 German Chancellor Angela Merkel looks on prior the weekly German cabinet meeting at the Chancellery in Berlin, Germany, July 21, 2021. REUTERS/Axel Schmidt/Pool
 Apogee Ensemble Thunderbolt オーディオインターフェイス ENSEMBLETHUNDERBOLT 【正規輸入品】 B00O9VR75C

____________

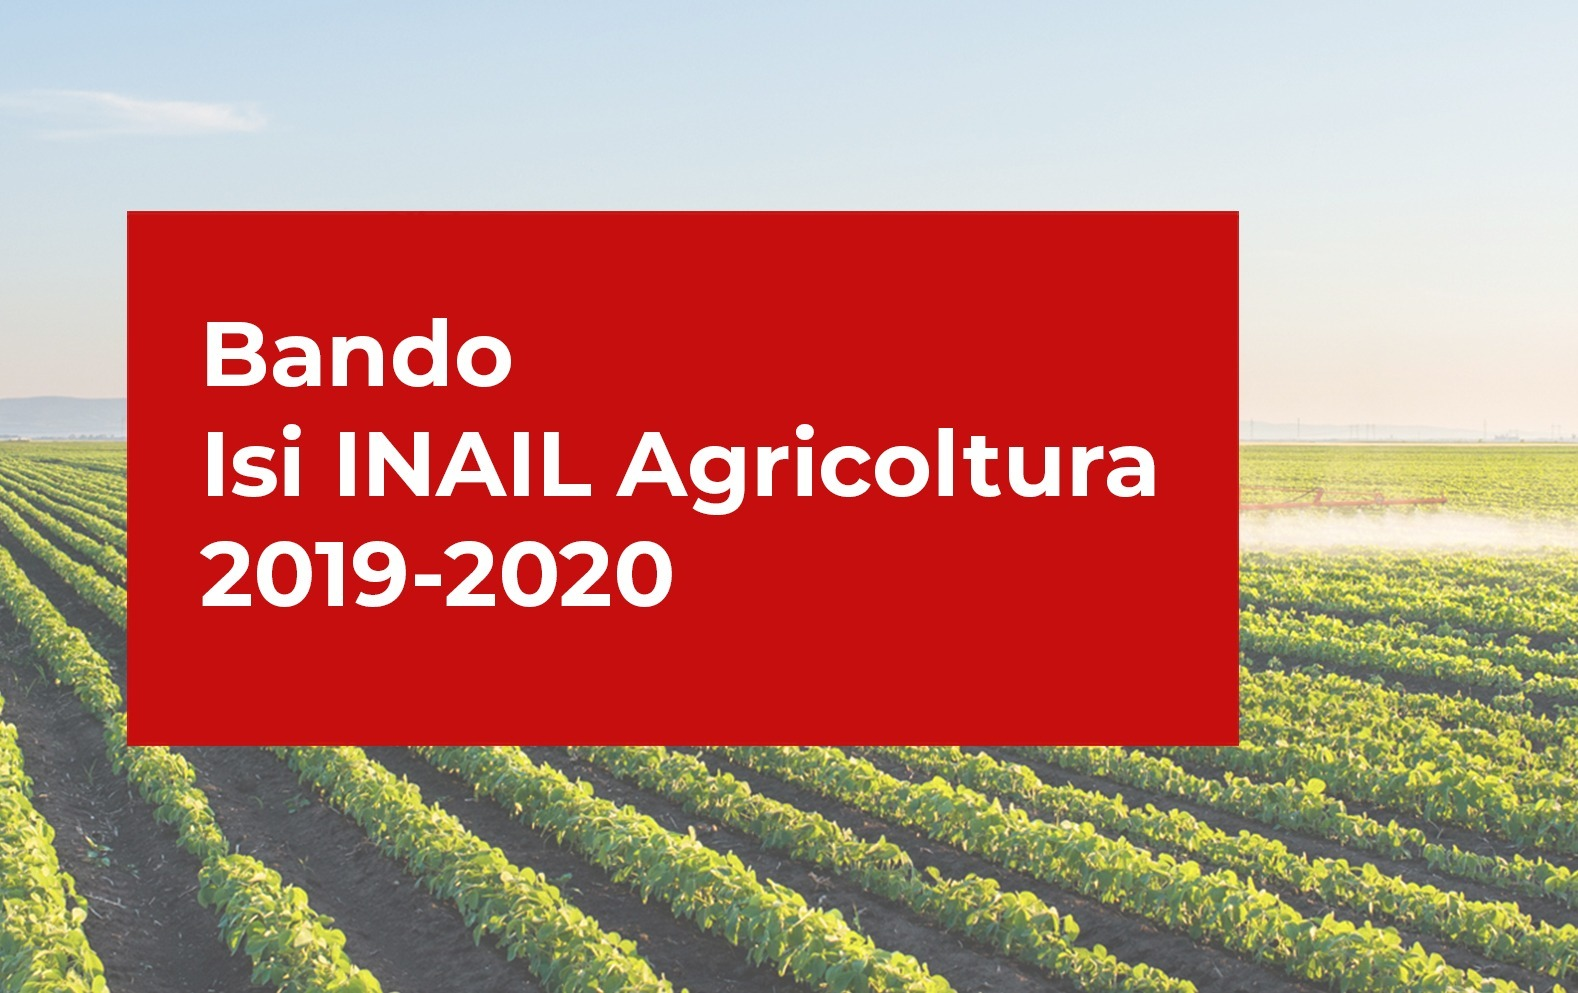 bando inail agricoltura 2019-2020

____________

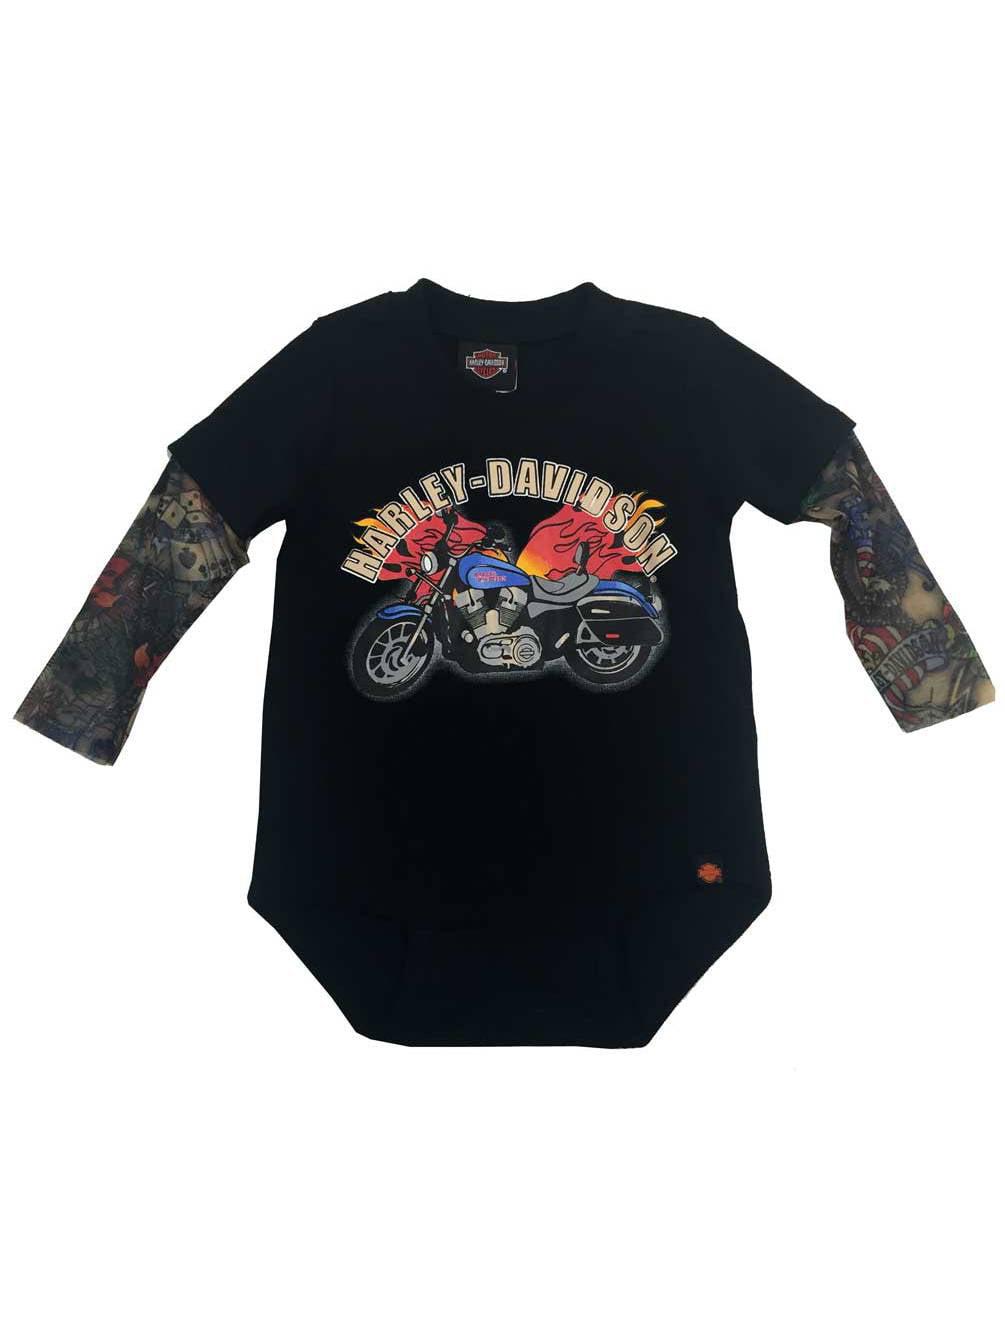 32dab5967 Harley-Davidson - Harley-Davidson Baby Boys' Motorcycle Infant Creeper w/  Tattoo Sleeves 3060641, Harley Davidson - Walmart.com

____________

- _Task description_
Print exactly the lines above from the one with "German Chancellor Angela" to the one with "Apogee Ensemble Thunderbolt", including both.

- _Answer to this task_
 German Chancellor Angela Merkel looks on prior the weekly German cabinet meeting at the Chancellery in Berlin, Germany, July 21, 2021. REUTERS/Axel Schmidt/Pool
 Apogee Ensemble Thunderbolt オーディオインターフェイス ENSEMBLETHUNDERBOLT 【正規輸入品】 B00O9VR75C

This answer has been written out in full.